## WHAT NEEDS TO BE DONE
As an exercise, transcribe the data below in full and exactly, omitting pictures.

## COLLECTED DATA
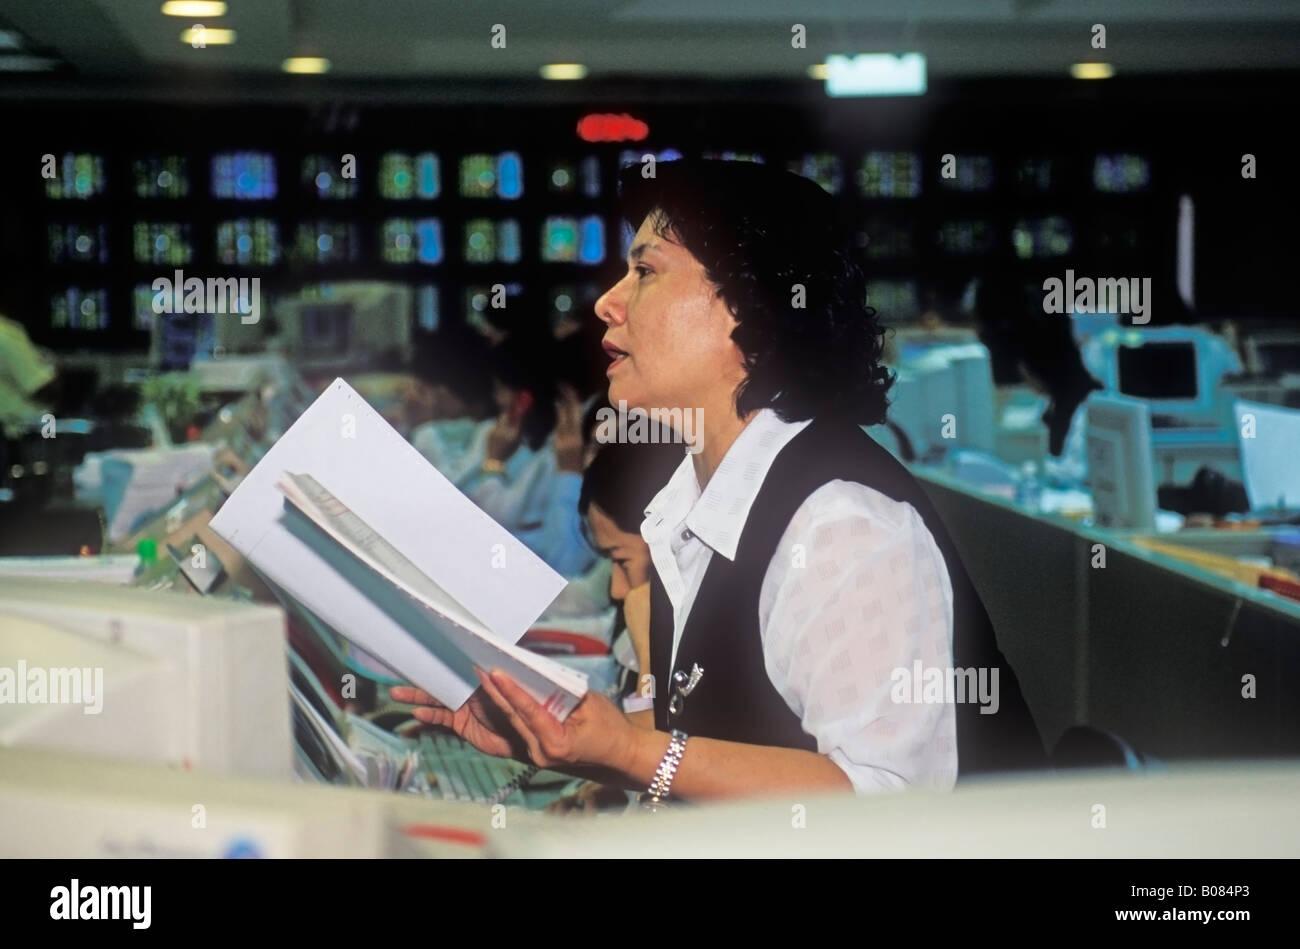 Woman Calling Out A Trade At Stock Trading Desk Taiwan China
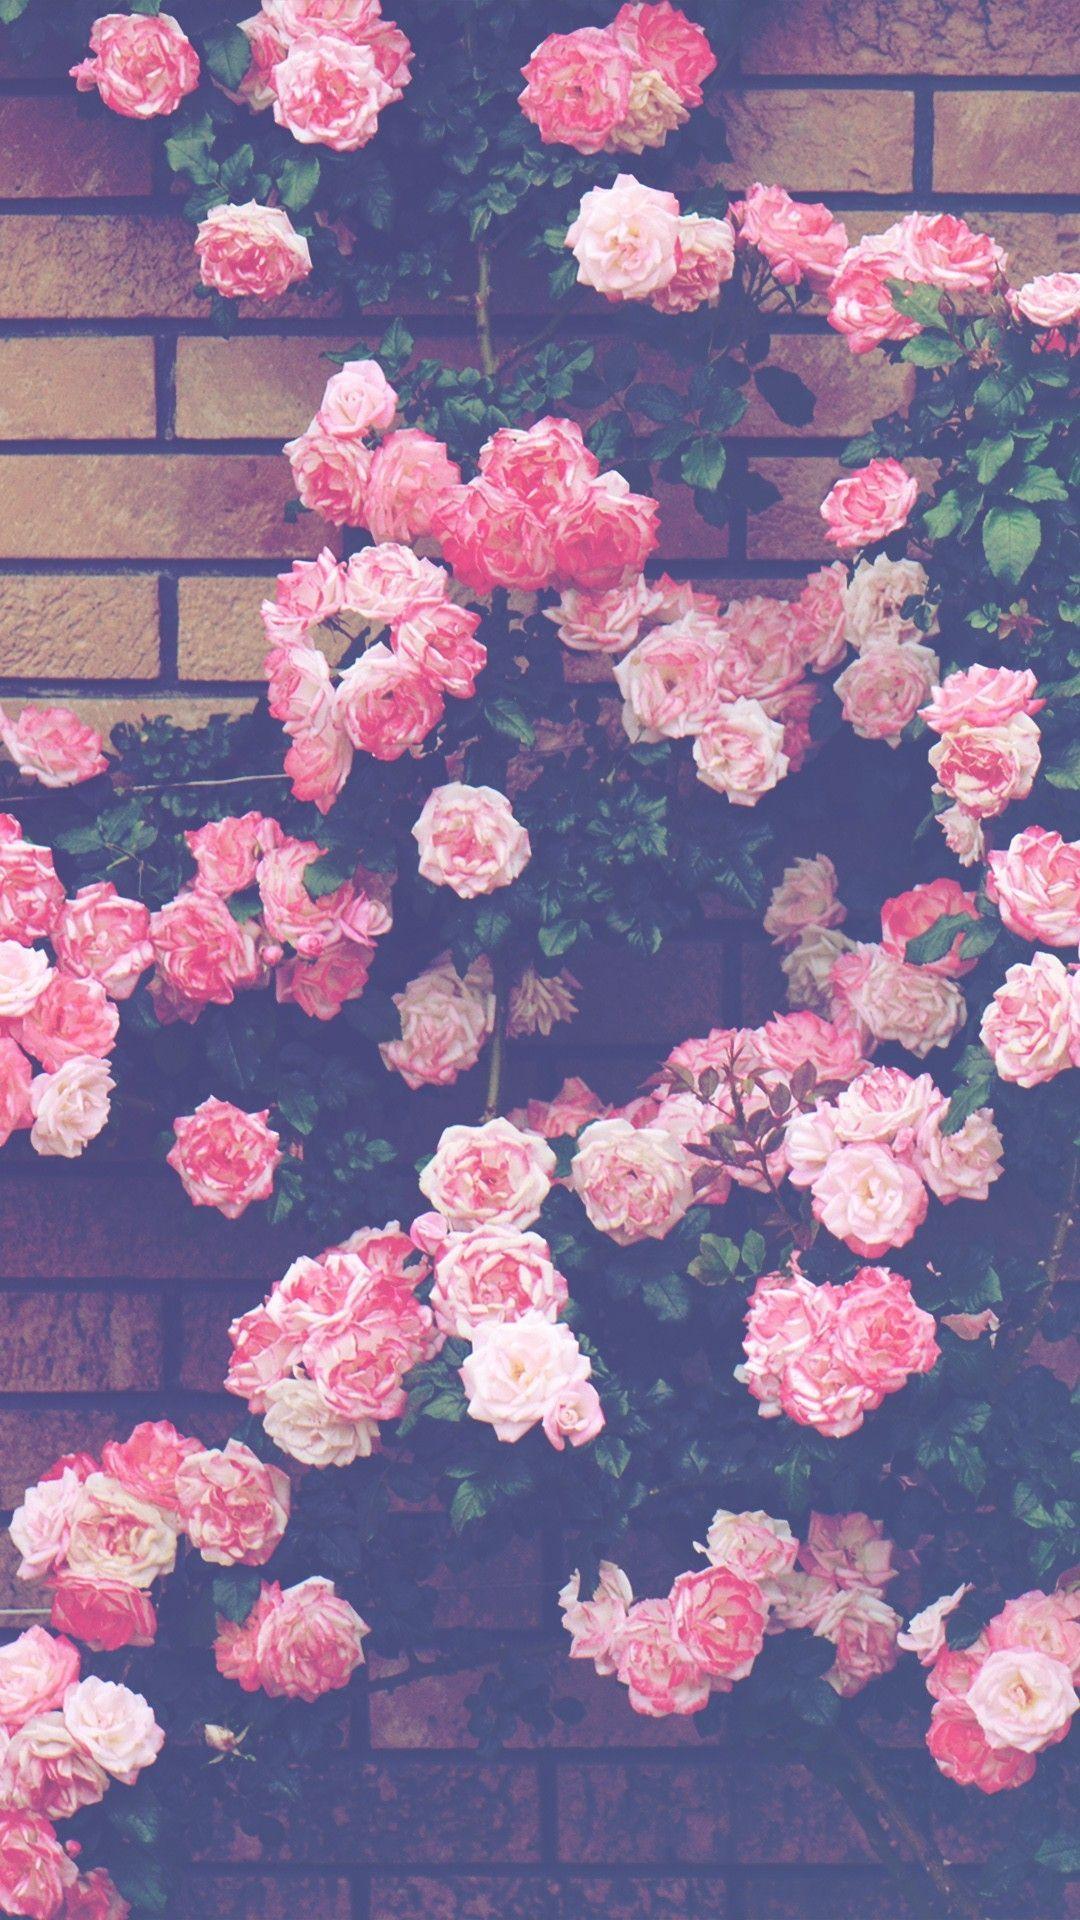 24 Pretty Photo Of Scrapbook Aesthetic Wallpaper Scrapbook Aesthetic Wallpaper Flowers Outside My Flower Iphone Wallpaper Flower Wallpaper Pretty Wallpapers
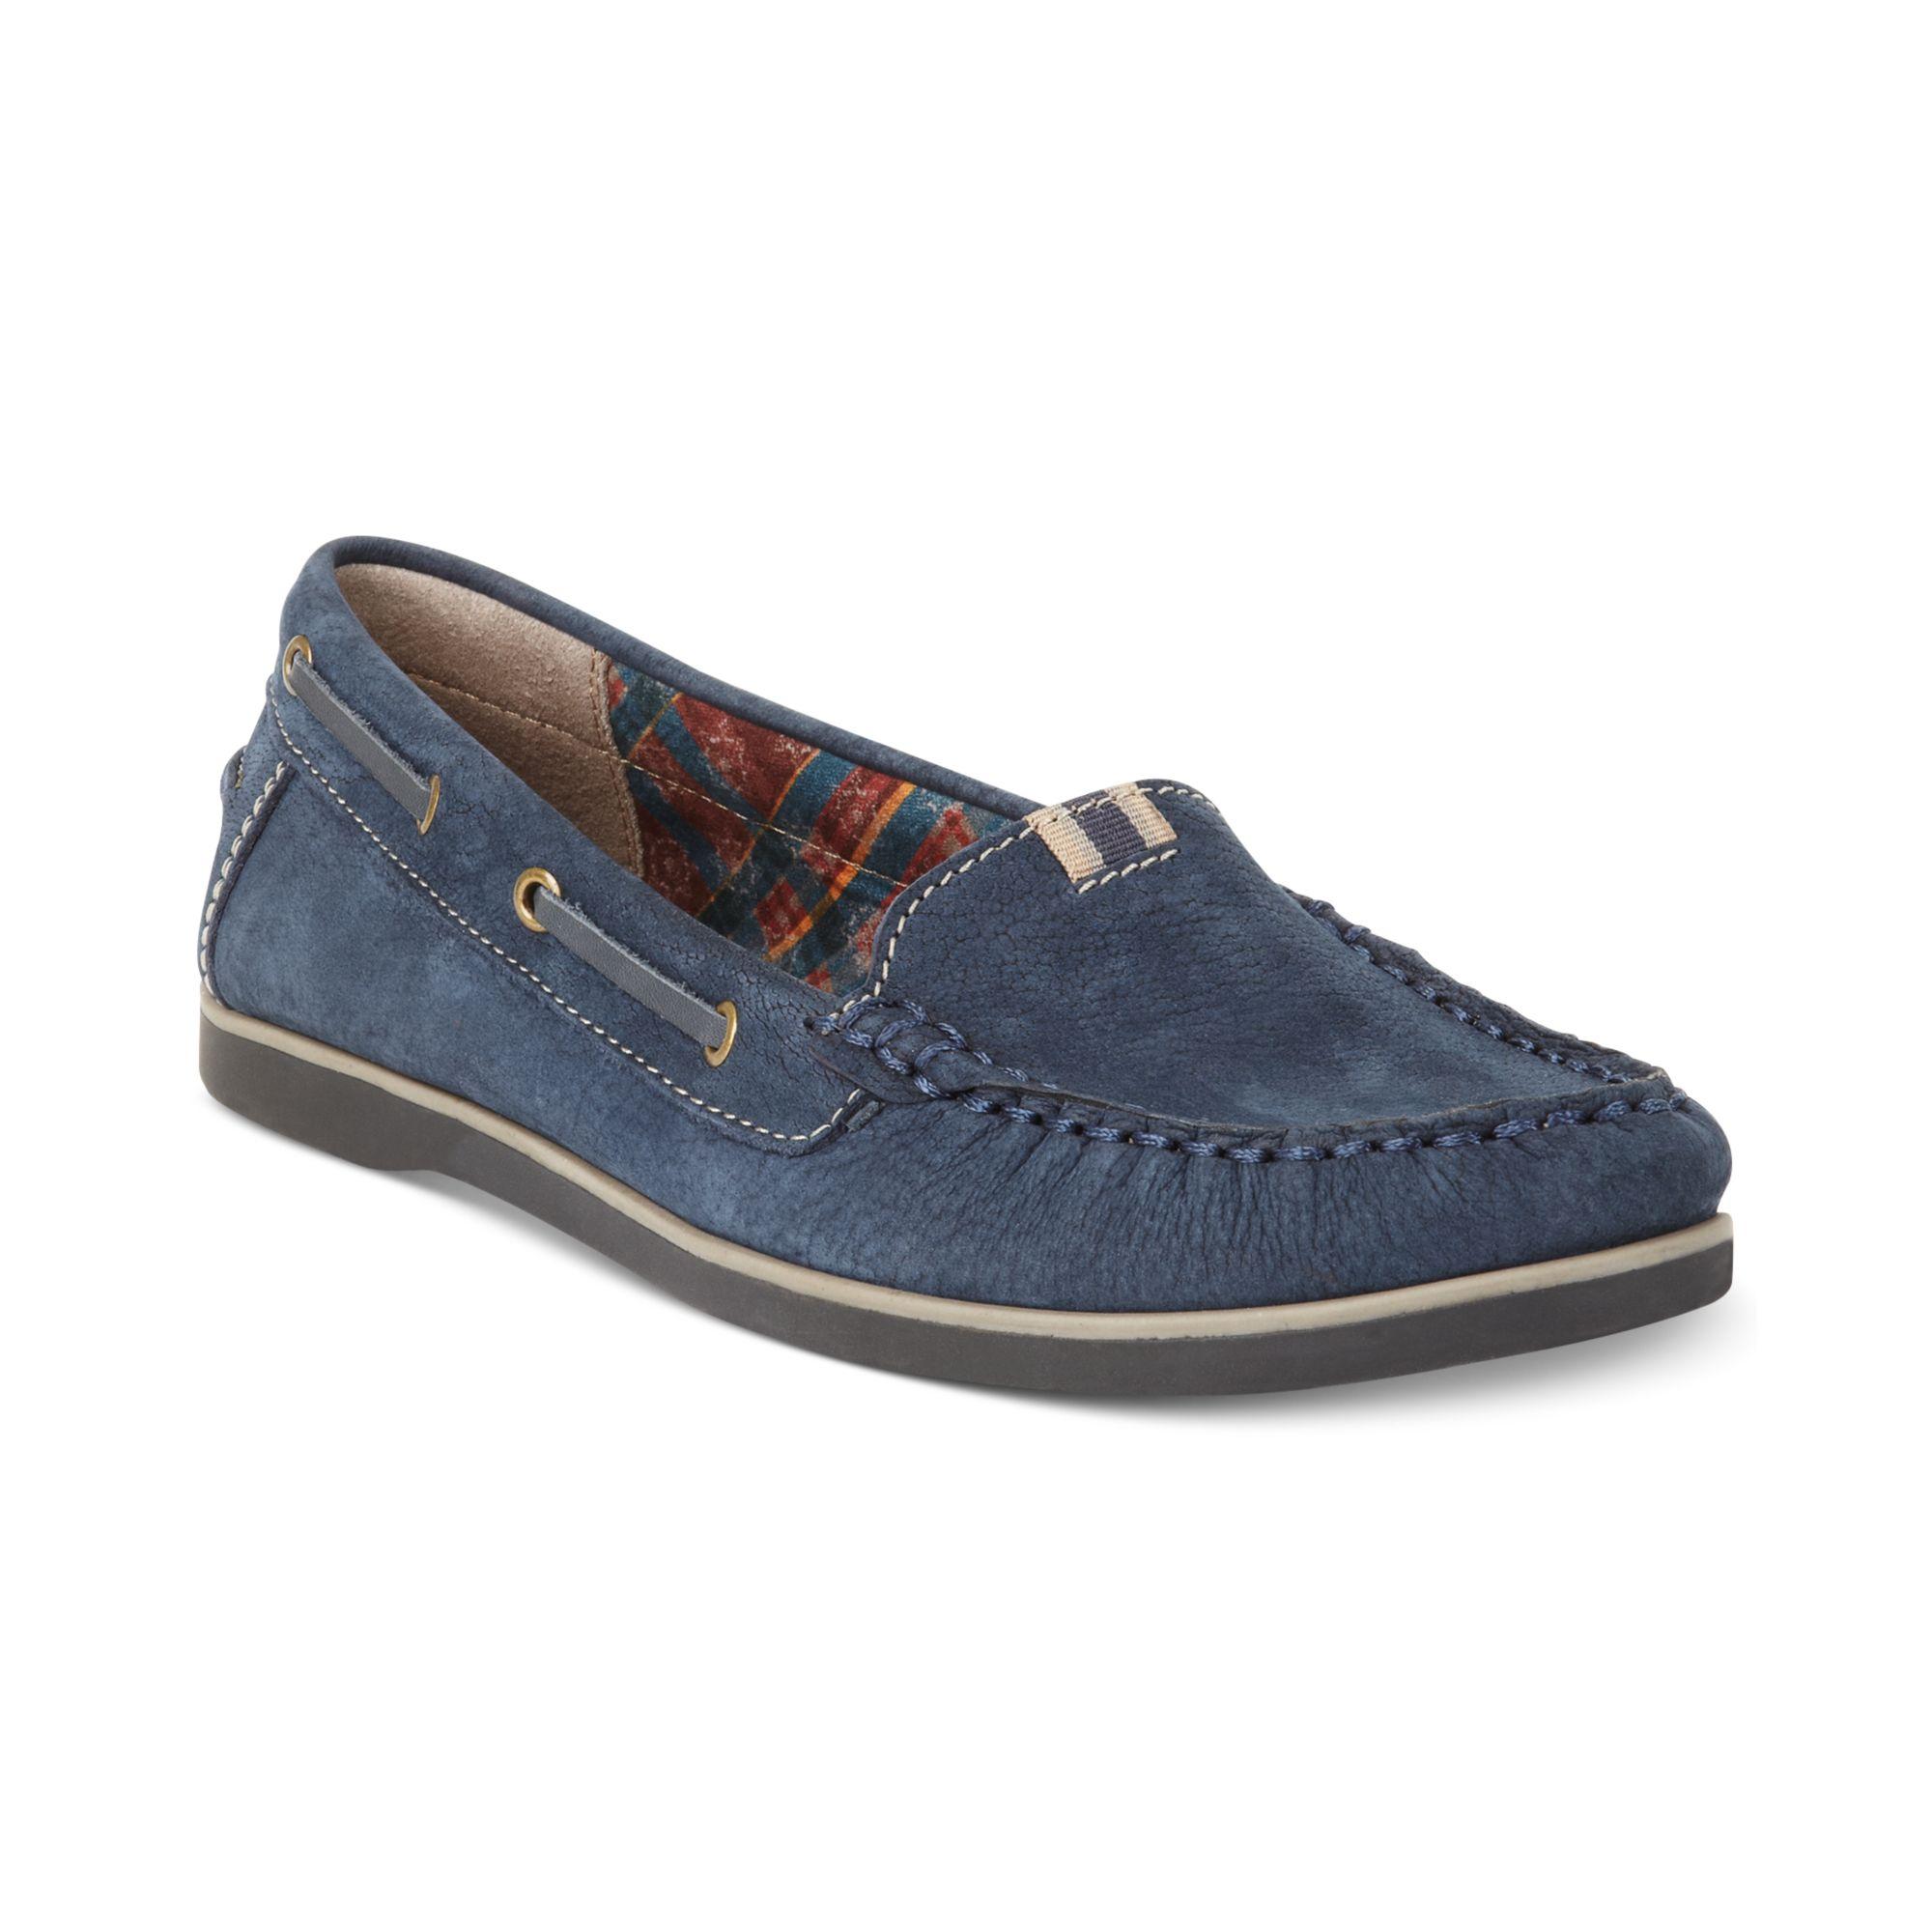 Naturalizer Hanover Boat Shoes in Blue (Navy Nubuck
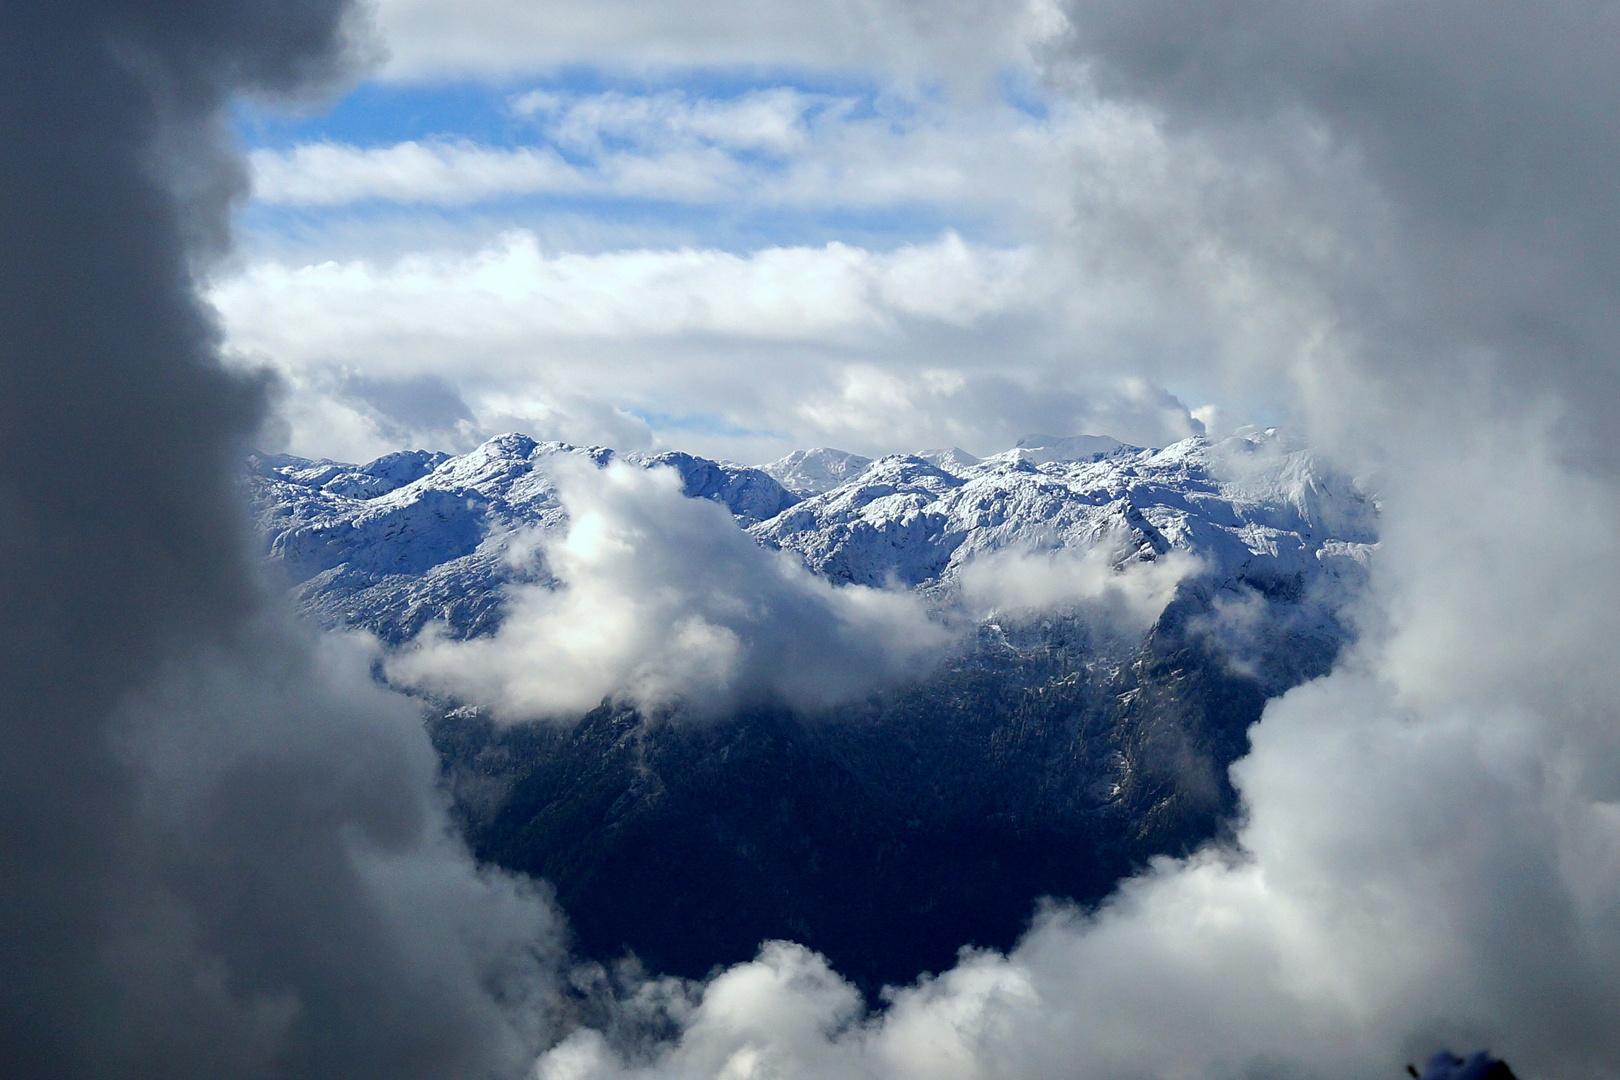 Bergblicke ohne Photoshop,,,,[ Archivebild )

## WRITTEN ANSWER
 Woman Calling Out A Trade At Stock Trading Desk Taiwan China
 24 Pretty Photo Of Scrapbook Aesthetic Wallpaper Scrapbook Aesthetic Wallpaper Flowers Outside My Flower Iphone Wallpaper Flower Wallpaper Pretty Wallpapers
 Naturalizer Hanover Boat Shoes in Blue (Navy Nubuck
 Bergblicke ohne Photoshop,,,,[ Archivebild )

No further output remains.